Laporan keuangan Kementerian Kelautan dan Perikanan (KKP) untuk tahun anggaran 2021 mendapat opini wajar tanpa pengecualian (WTP) dari Badan Pemeriksa Keuangan (BPK). Hasil ini cukup menggembirakan karena pada tahun sebelumnya KKP belum mendapat opini WTP.

Anggota IV BPK Haerul Saleh menjelaskan, pada laporan keuangan di 2020, KKP mendapat opini wajar dengan pengecualian (WDP). Sedangkan pada 2021, opini yang didapat WTP sehingga menandakan adanya perbaikan pengelolaan keuangan di KKP.

"Opini WTP merupakan pencapaian luar biasa yang telah dilakukan oleh seluruh jajaran di KKP," katanya dikutip dari Belasting.id, Kamis (4/8/2022).

Haerul mengungkapkan, opini WTP bukan akhir dari upaya KKP dalam mengelola anggaran secara akuntabel dan berdasarkan aturan perundang-undangan.

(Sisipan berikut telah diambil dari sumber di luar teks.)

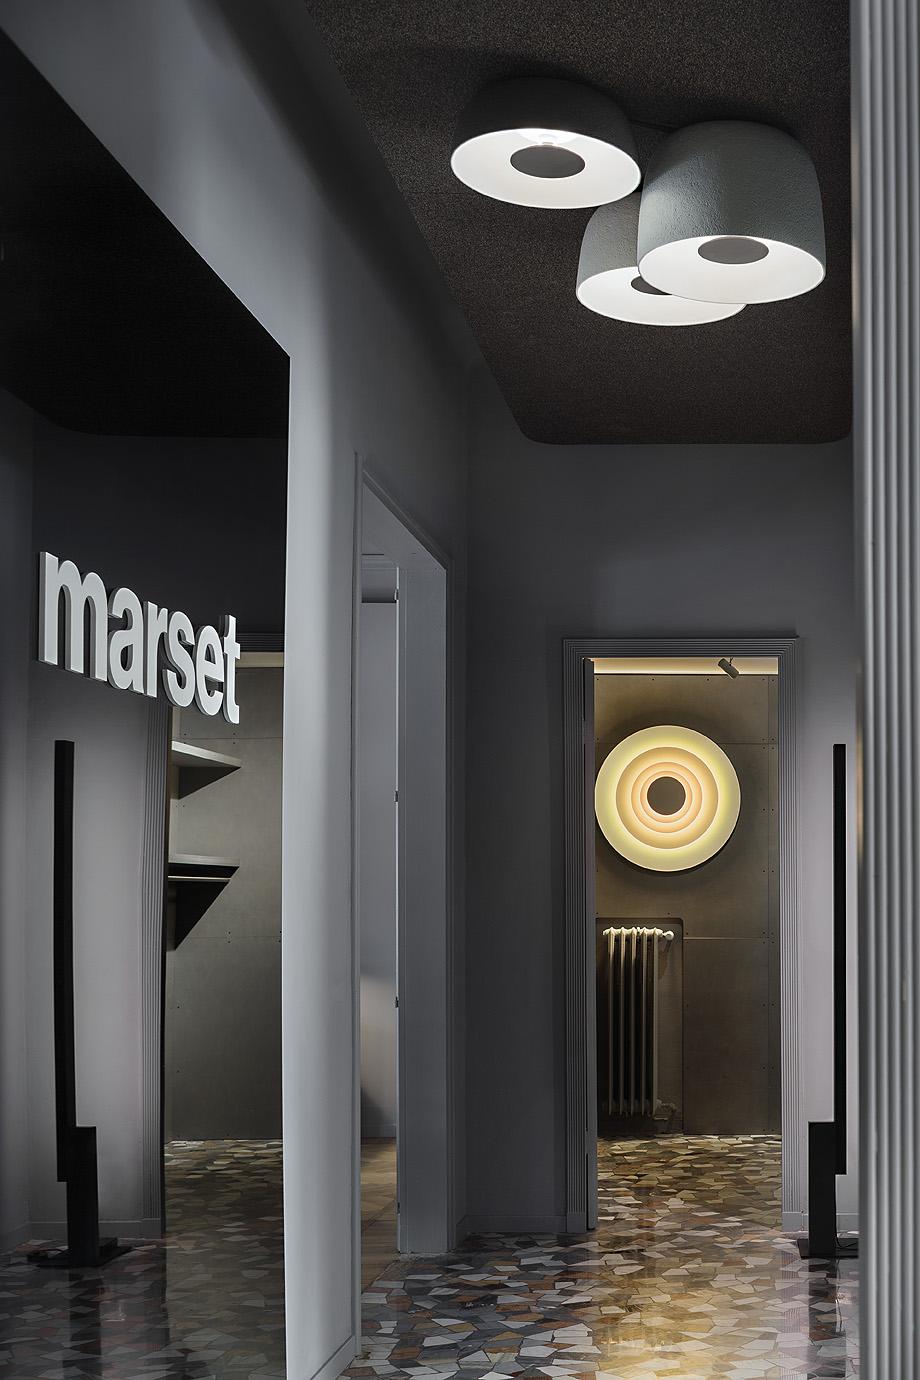 showroom de marset en milan (7)

Menurutnya, masih banyak aspek yang perlu ditingkatkan dalam pengelolaan anggaran di KKP.

Salah satunya adalah masih adanya temuan berulang pada beberapa permasalahan. Hasil audit dengan temuan masalah yang berulang perlu menjadi perhatian untuk segera ditindaklanjuti.

 

3 dari 3 halaman

Temuan Masalah

Deretan temuan masalah yang berulang antara lain penyelesaian konstruksi dalam pengerjaan keramba jaring apung offshore. Kemudian temuan masalah pada pengelolaan dana bergulir pada Badan Layanan Umum (BLU) Lembaga Pengelola Modal Usaha Kelautan dan Perikanan (LPMUPK).

"BPK telah memberikan rekomendasi kepada KKP untuk menyelesaikan permasalahan tersebut, namun sebagian belum selesai ditindaklanjuti, sehingga terus menjadi temuan yang berulang pada pemeriksaan LK KKP tahun 2021," ujarnya.

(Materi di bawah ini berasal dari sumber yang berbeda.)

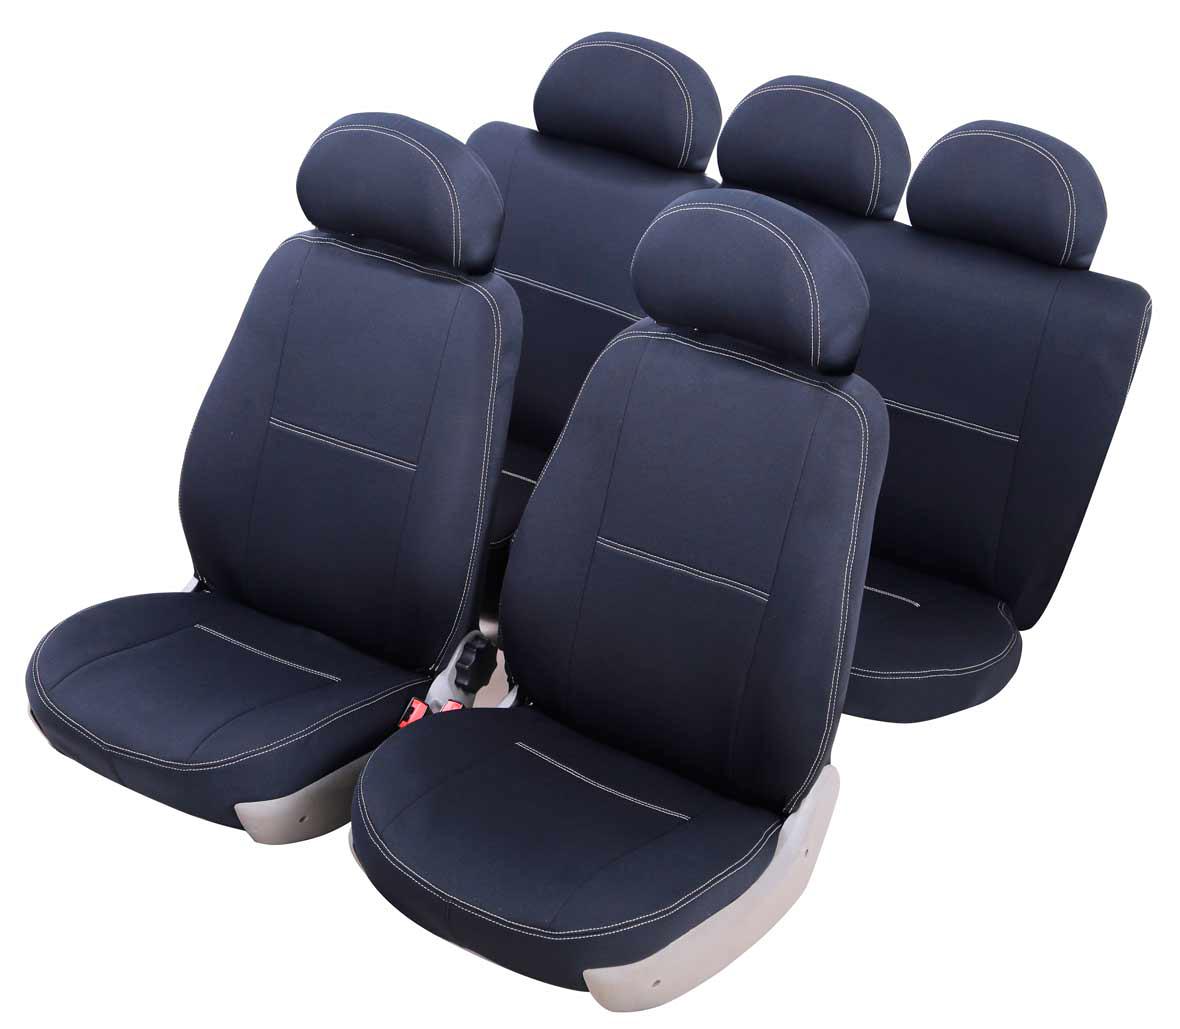 Чехол на автокресло Azard Standard, VW Polo (2009-н.в), седан, раздельный задний рядFS-80423Модельные чехлы из полиэстера Azard Standard. Разработаны в РФ индивидуально для каждого автомобиля.Чехлы Azard Standard серийно выпускаются на собственном швейном производстве в России.Чехлы идеально повторяют штатную форму сидений и выглядят как оригинальная обивка сидений. Для простоты установки используется липучка Velcro, учтены все технологические отверстия.Чехлы сохраняют полную функциональность салона – трасформация сидений, возможность установки детских кресел ISOFIX, не препятствуют работе подушек безопасности AIRBAG и подогрева сидений.Дизайн чехлов Azard Standard приближен к оригинальной обивке салона. Декоративная контрастная прострочка по периметру авточехлов придает стильный и изысканный внешний вид интерьеру автомобиля.Чехлы Azard Standard изготовлены из полиэстера, триплированного огнеупорным поролоном толщиной 3 мм, за счет чего чехол приобретает дополнительную мягкость. Подложка из спандбонда сохраняет свойства поролона и предотвращает его разрушение.Авточехлы Azard Standard просты в уходе – загрязнения легко удаляются влажной тканью.

Selain itu, BPK mengapresiasi upaya KKP dalam melakukan tindak lanjut atas hasil rekomendasi yang diberikan oleh BPK. Sampai dengan semester II 2021 sudah ada 1.391 rekomendasi yang diberikan BPK kepada KKP.

Kementerian rampung melakukan tindak lanjut sesuai rekomendasi sebanyak 1.151 atau setara 82,89 persen dari total rekomendasi. Sedangkan 195 atau 14,02 persen rekomendasi masih dalam proses tindak lanjut, dan 43 atau 3,09 persen rekomendasi belum ditindaklanjuti.